Overview of an adhesive converting workshop
1. Raw tape vs. converted part: why the distinction is fundamental
What “converting” actually means
A roll of double-sided tape or technical foam is a semi-finished good. It doesn’t match any specific industrial need until it has been converted. Converting covers four main operations:
- Rotary or flatbed die-cutting: production of custom shapes (gaskets, washers, pads, complex contours) from rolls, with tolerances down to ±0.1 mm for the most critical parts.
- Laminating: bonding multiple layers of different materials — foam, barrier film, double-sided adhesive — to create a composite material with combined properties.
- Custom packaging: parts delivered on rolls, on liner, flat-packed in boxes, or as kits per workstation according to your application process.
- Adhesive coating: applying an adhesive layer to one side of a non-adhesive part (foam, felt, film) to create a self-adhesive component ready to bond.
Each of these operations requires dedicated equipment, deep material know-how, and tolerance control — none of which generalist distributors can offer.
Real gains for your production line
Switching from raw tape to converted parts isn’t a luxury. It’s a measurable productivity lever:
- Elimination of manual cutting on the line: no wasted motion, no offcuts, no operator variability.
- Direct application in seconds, where it previously took 30 seconds of cutting plus 10 seconds of placement.
- Guaranteed geometric repeatability: same part, same dimensions, same adhesive coverage — order after order.
- Reduced material inventory on the customer side: you order finished parts, not linear meters of tape to manage.
Adhesive converting shifts the value-added work from your supplier upstream — and off your line. It’s not an extra step. It’s one fewer step in your process.
2. The 4 main families of die-cut adhesive parts

Sorts of products made by ATE
1. Adhesive sealing gaskets (PU, EPDM, silicone foams)
Die-cut sealing gaskets are the most widespread family in industry.
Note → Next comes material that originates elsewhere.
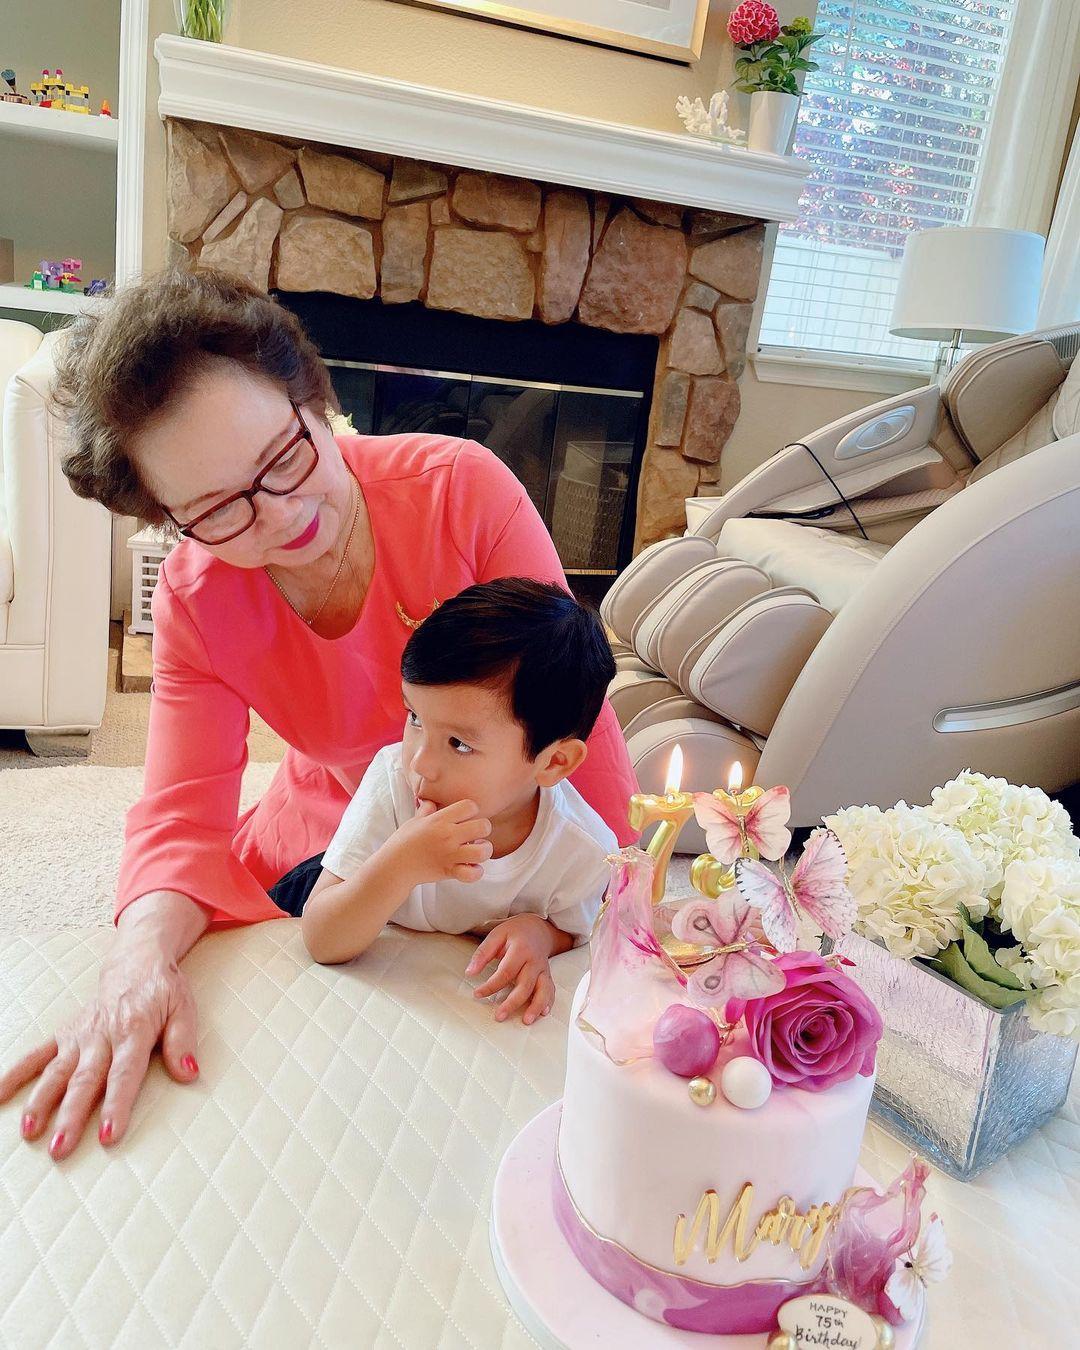 Phạm Hương lần đầu hé lộ chân dung mẹ chồng giàu có quyền lực, chỉ 1 khoảnh khắc là biết yêu chiều cháu nội cỡ nào - Ảnh 4.

They create barriers against water, dust, vibration or gases between two mating surfaces — directly bondable, with no additional adhesive needed.
The most common materials in adhesive converting:
- Polyurethane (PU) foam: soft, lightweight, good compression — general applications, electronics, automotive.
- EPDM cellular foam: resistant to UV, water and extreme temperatures (–40 °C to +120 °C) — outdoor applications, façades, industrial enclosures.
- Expanded silicone: thermal resistance up to +200 °C, chemically inert — industrial ovens, medical, food processing.
- 3M technical foams (VHB, 4200, 4500 series): combined high-performance mechanical and sealing properties.
2. Technical labels and permanent markings
A technical label is not an office label. It’s a complete system — substrate + ink + adhesive — engineered to survive a harsh environment defined by the customer: engine oil immersion, prolonged UV exposure, repeated thermal cycling, steam sterilization, aggressive chemicals.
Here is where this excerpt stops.